Domínguez afirmó que las gestiones llevadas a cabo por la Dirección General de la Policía para iniciar el traslado se encuentran “muy avanzadas” y que el proceso se inició en noviembre del año pasado, sin embargo, lamentó no haber obtenido dicha información de forma oficial. Por este motivo, anunció que los sindicatos enviarán una carta a la comisaria provincial de Las Palmas, Sagrario de León Cruz, para que ésta a su vez reciba una respuesta al respecto de la Dirección General de la Policía.
En referencia al edificio de la calle Albéniz, señaló que fue elegido por unos arquitectos que viajaron a la Isla y ni tan siquiera pasaron por la actual Comisaría para conocer sus necesidades.
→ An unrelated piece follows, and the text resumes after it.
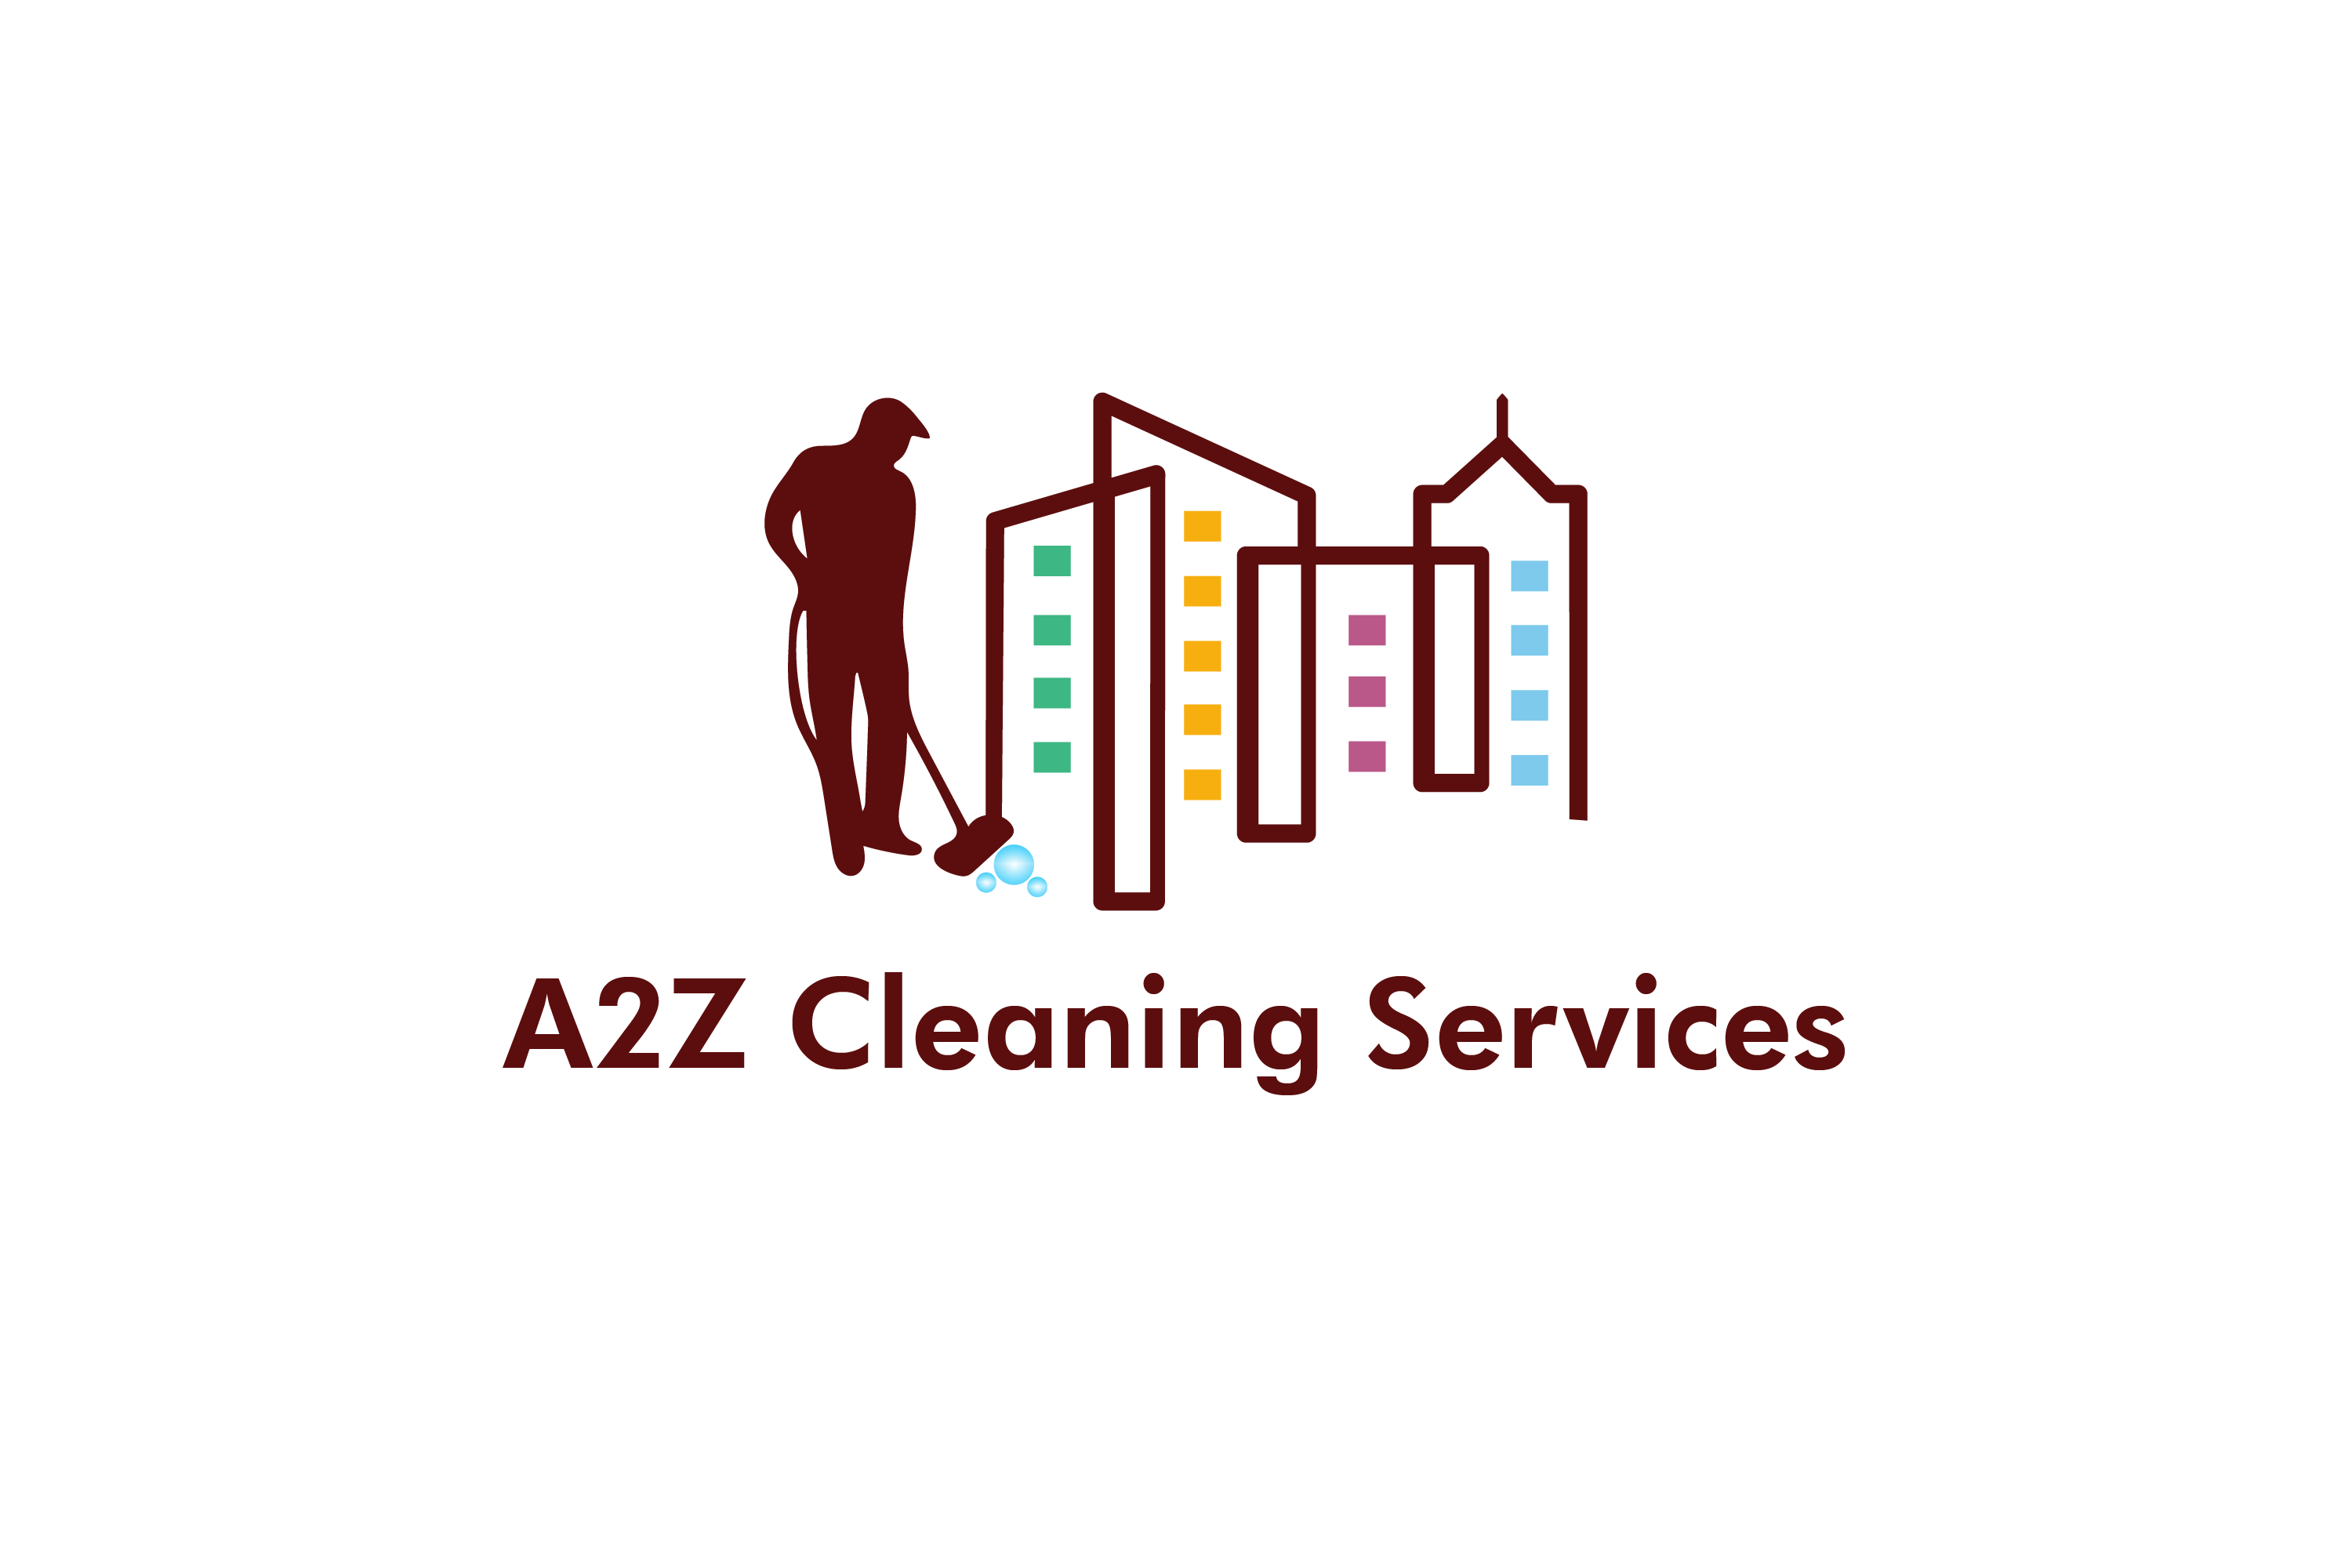 A2Z Cleaning Services Logo

Otros establecimientos que se barajaron, añadió, fueron la antigua sede de Televisión Española ubicada en la plaza Milton y el chalet de un extranjero.
Morales recordó que el Gobierno de Canarias lleva cuatro años detrás de la adquisición del edificio y señaló los terrenos que la Institución española tiene en la localidad de Siete Palmas destinados a una nueva Comisaria. Unas instalaciones que se podrían construir en poco más de un año y tendrían un coste que rondaría los cinco millones de euros, pero “siguen sin hacerse”.
En este punto, Domínguez remarcó que las obras llevadas a cabo en las instalaciones de Ciudad Jardín son “de bajo coste”, que no servirán para llegar a unas “mínimas condiciones” y que la inversión no incluirá la colocación de cámaras de seguridad en los alrededores del complejo.
Los sindicalistas denunciaron que se traslade la Comisaría a unas oficinas con un espacio notablemente inferior, que pasa de las tres plantas con garaje a sólo dos y un sótano que Morales definió como una “mazmorra”, ya que no cuenta con la ventilación mínima indispensable. El presidente regional del SPP advirtió de los problemas que entraña el no poder introducir a un detenido directamente en el garaje y tener que parar el vehículo en medio de una calle de sentido único para luego llevarlo al subterráneo por una escalera lateral.
Los sindicatos advierten que tomarán “todas las medidas que legalmente podamos”, para evitar el traslado.